--- START ---

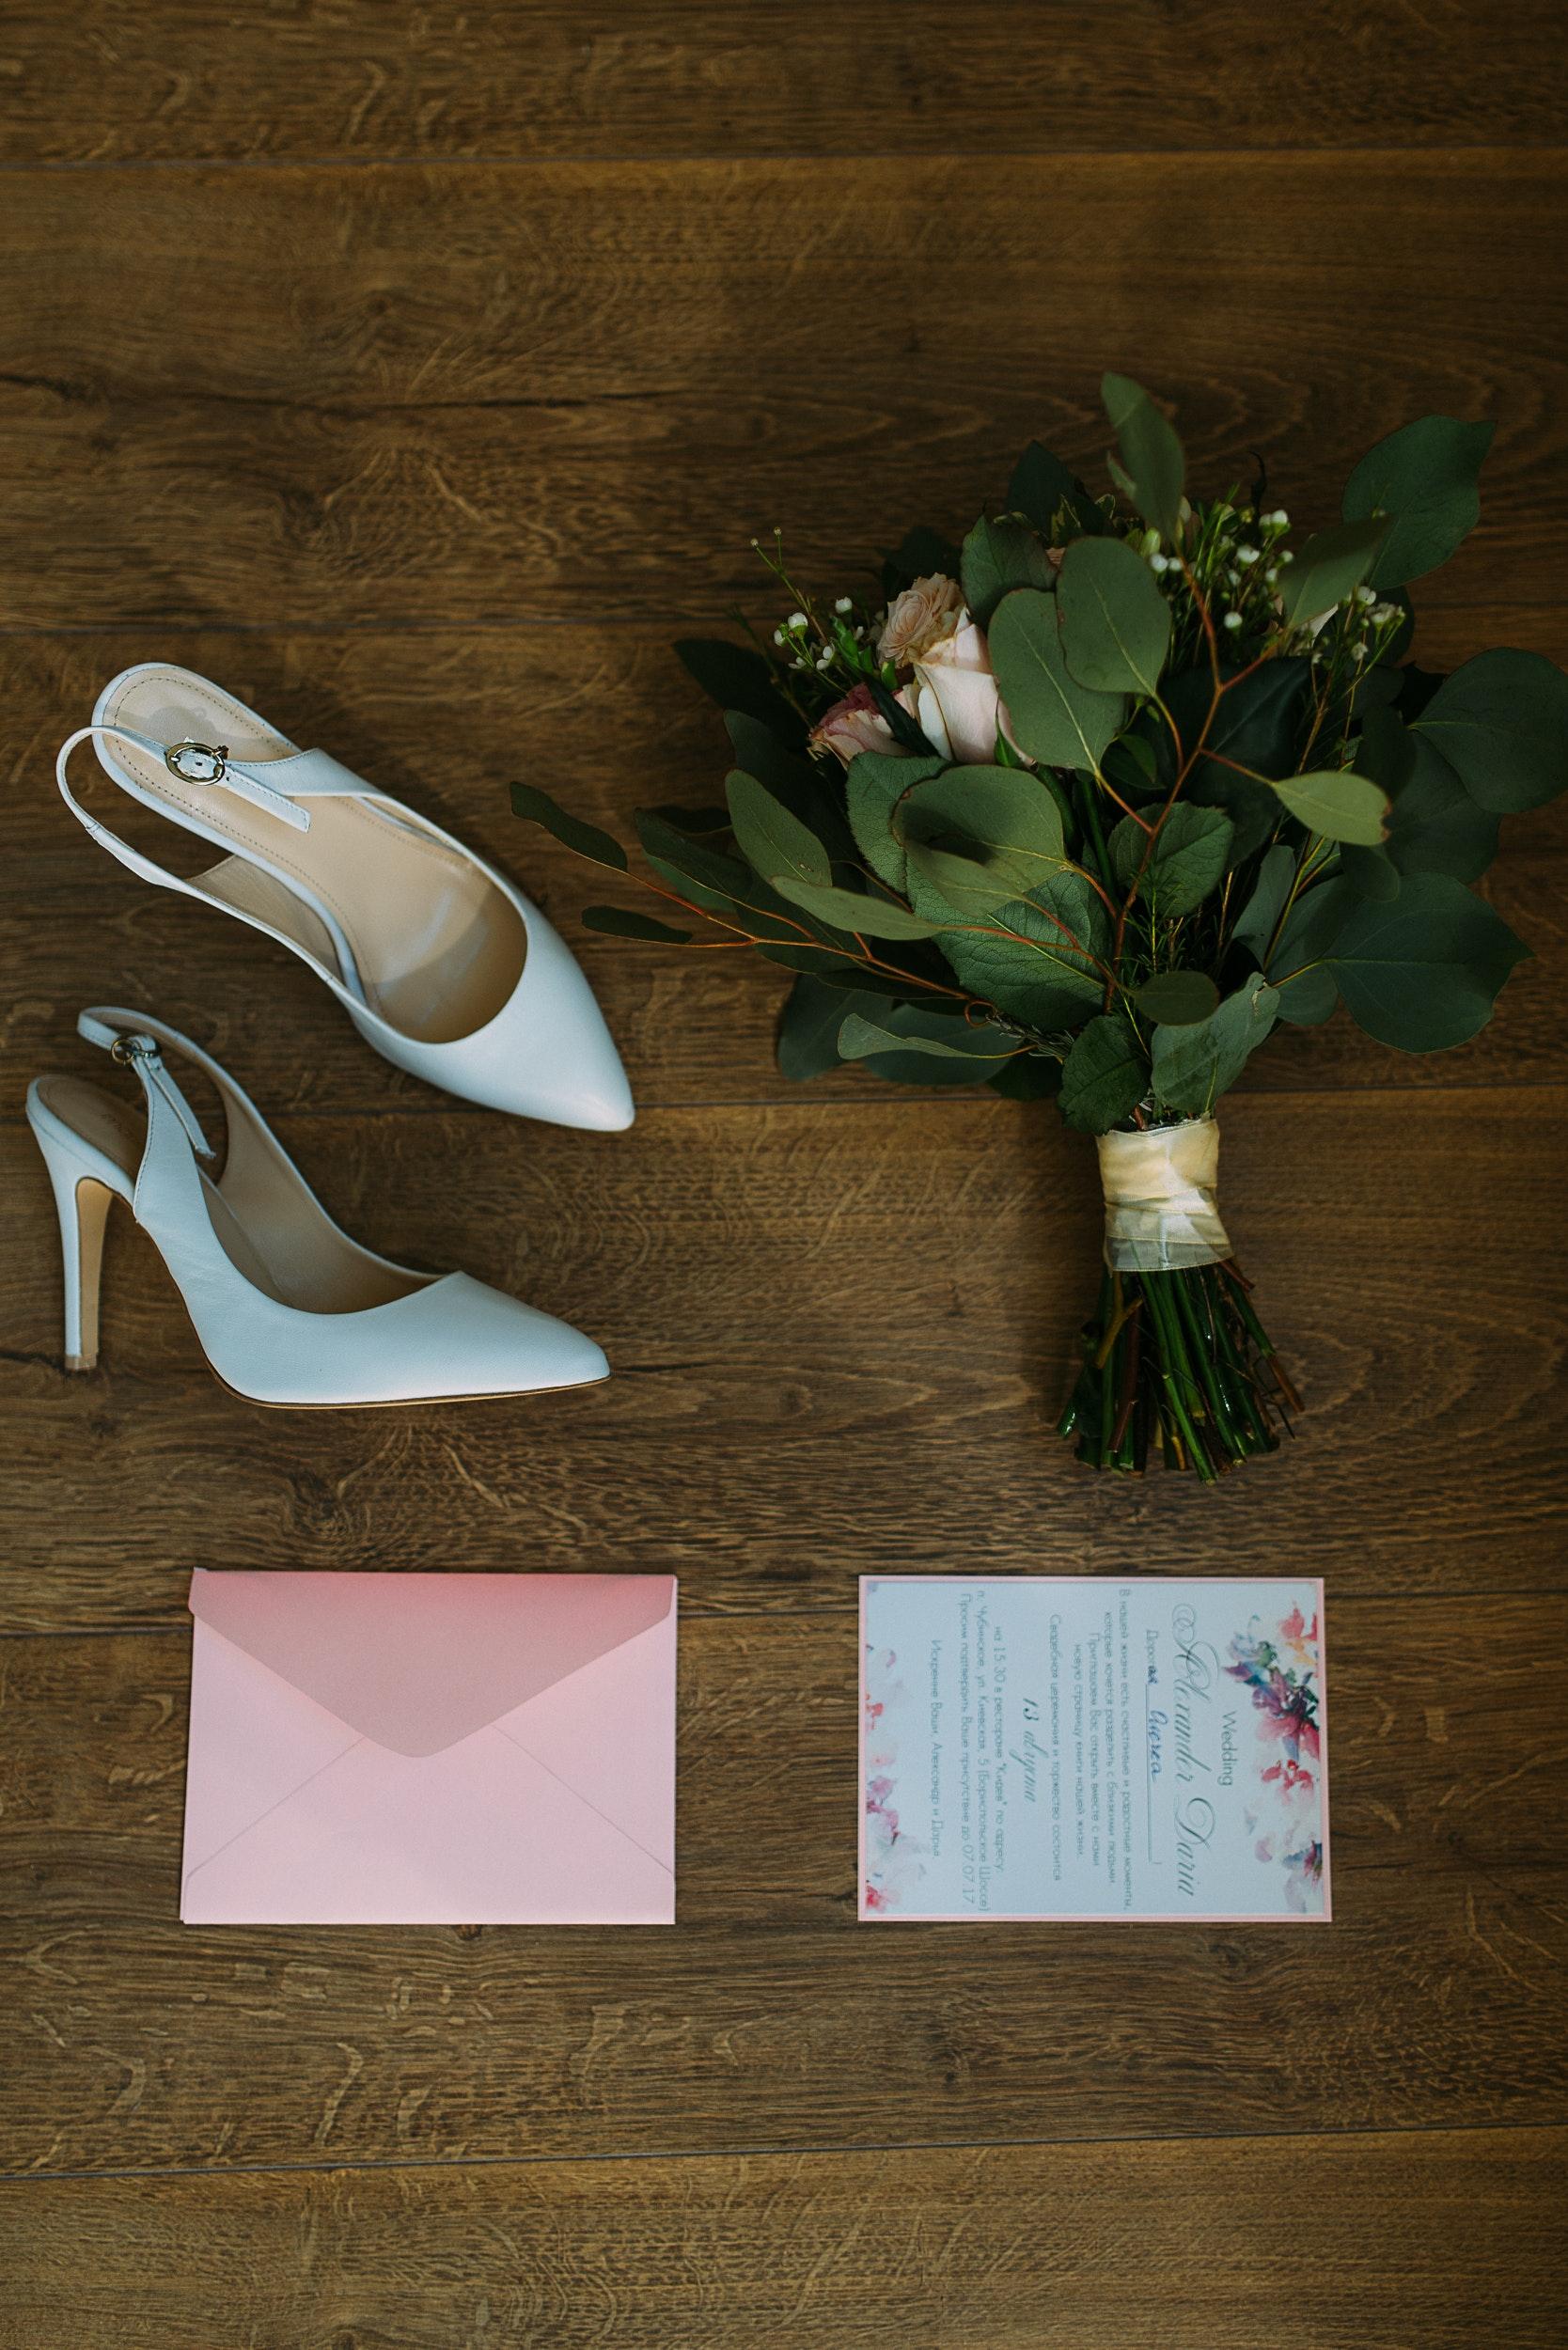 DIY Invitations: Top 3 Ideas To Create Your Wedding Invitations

--- END ---
--- START ---

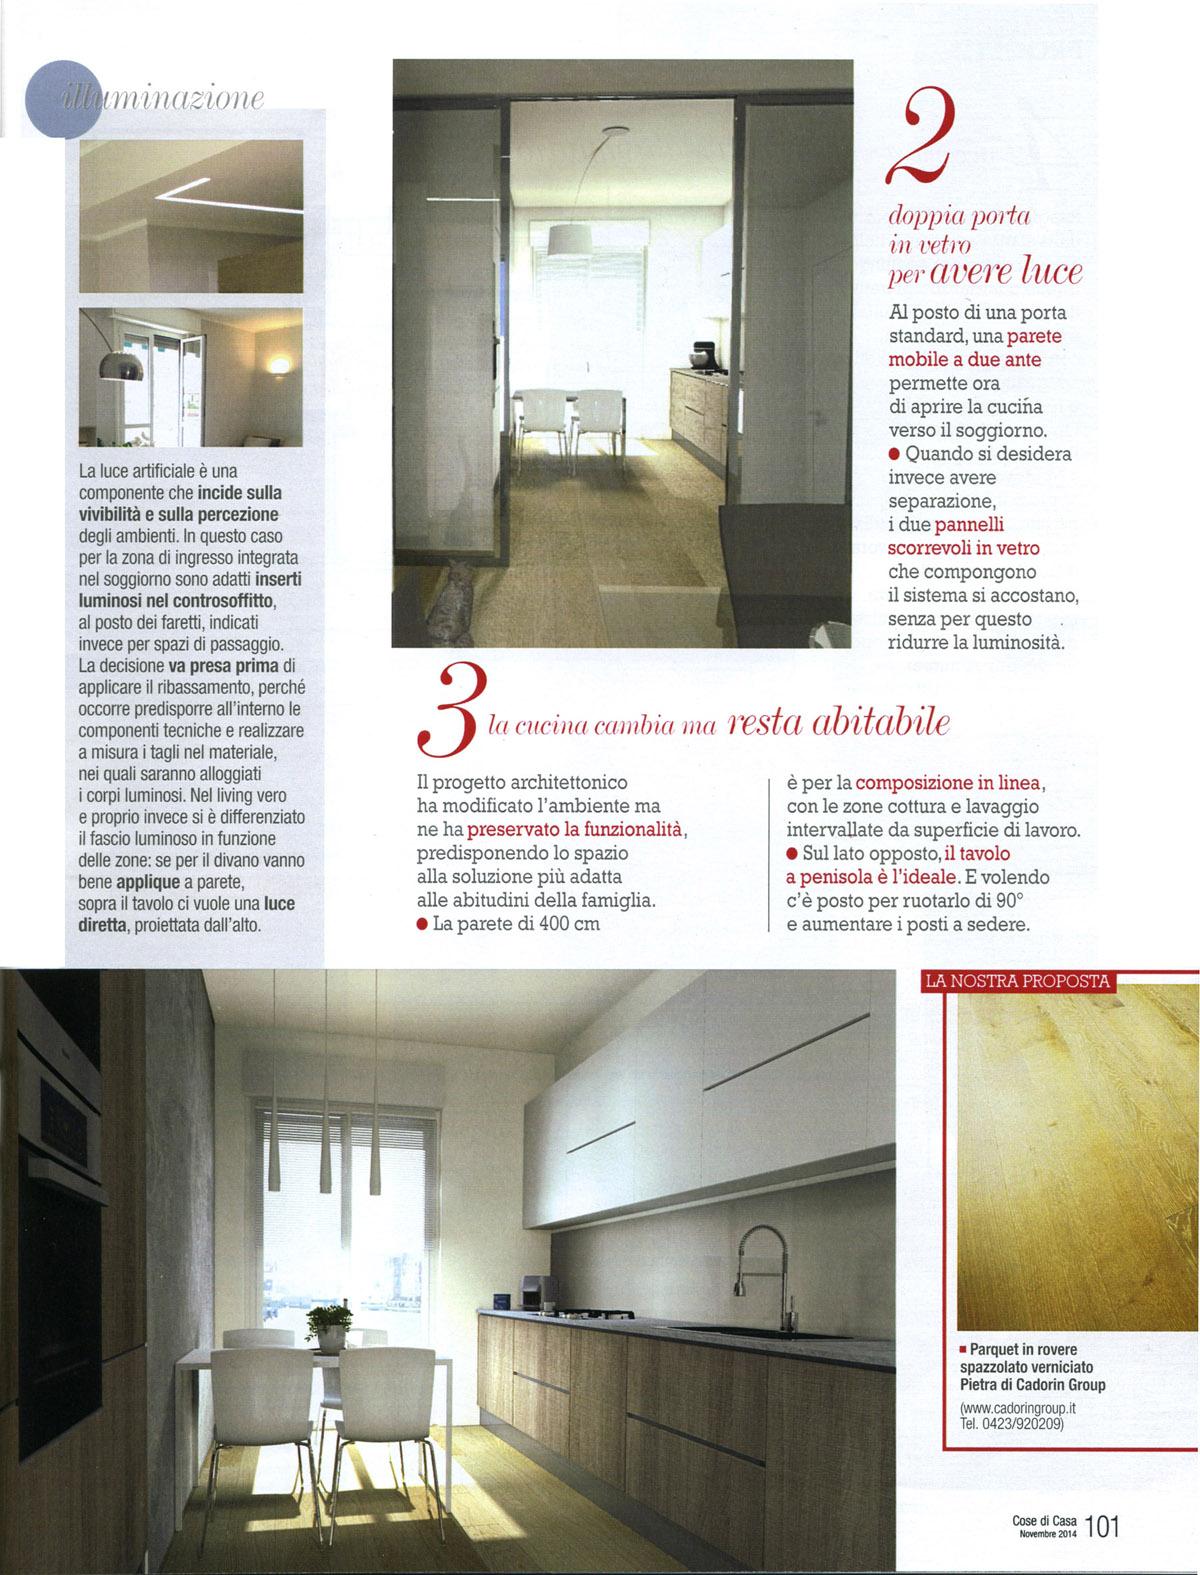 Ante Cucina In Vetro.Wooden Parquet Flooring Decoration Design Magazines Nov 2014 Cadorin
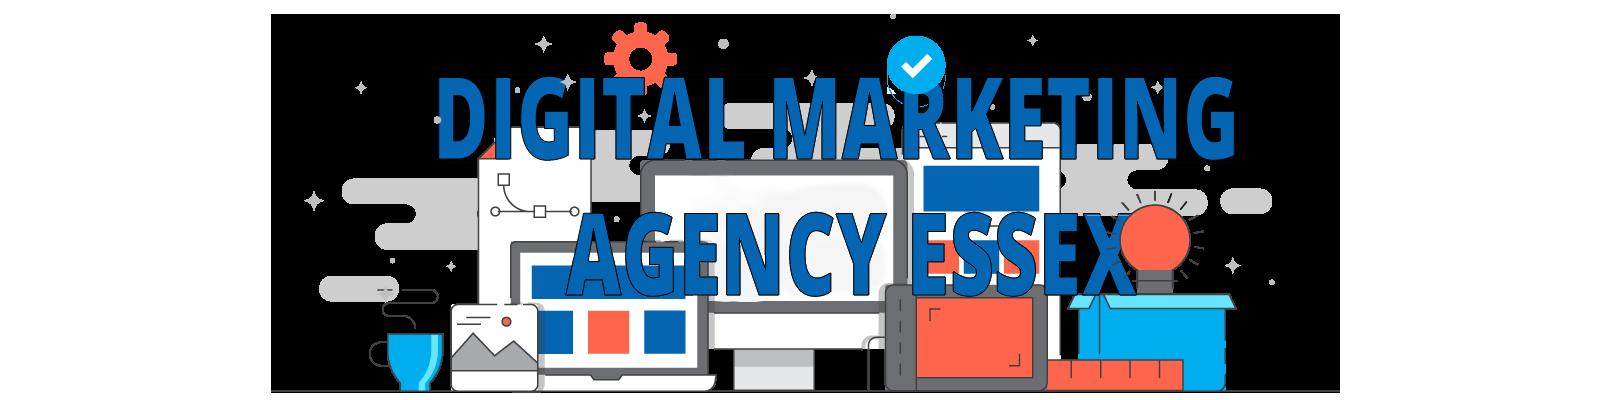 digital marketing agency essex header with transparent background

--- END ---

ASSIGNMENT. All lines above starting at the one with "Ante Cucina In" and ending at the one with "digital marketing agency", inclusive, are to be printed again exactly, with the pictures left out.

SOLUTION FOR THIS TASK.
 Ante Cucina In Vetro.Wooden Parquet Flooring Decoration Design Magazines Nov 2014 Cadorin
 digital marketing agency essex header with transparent background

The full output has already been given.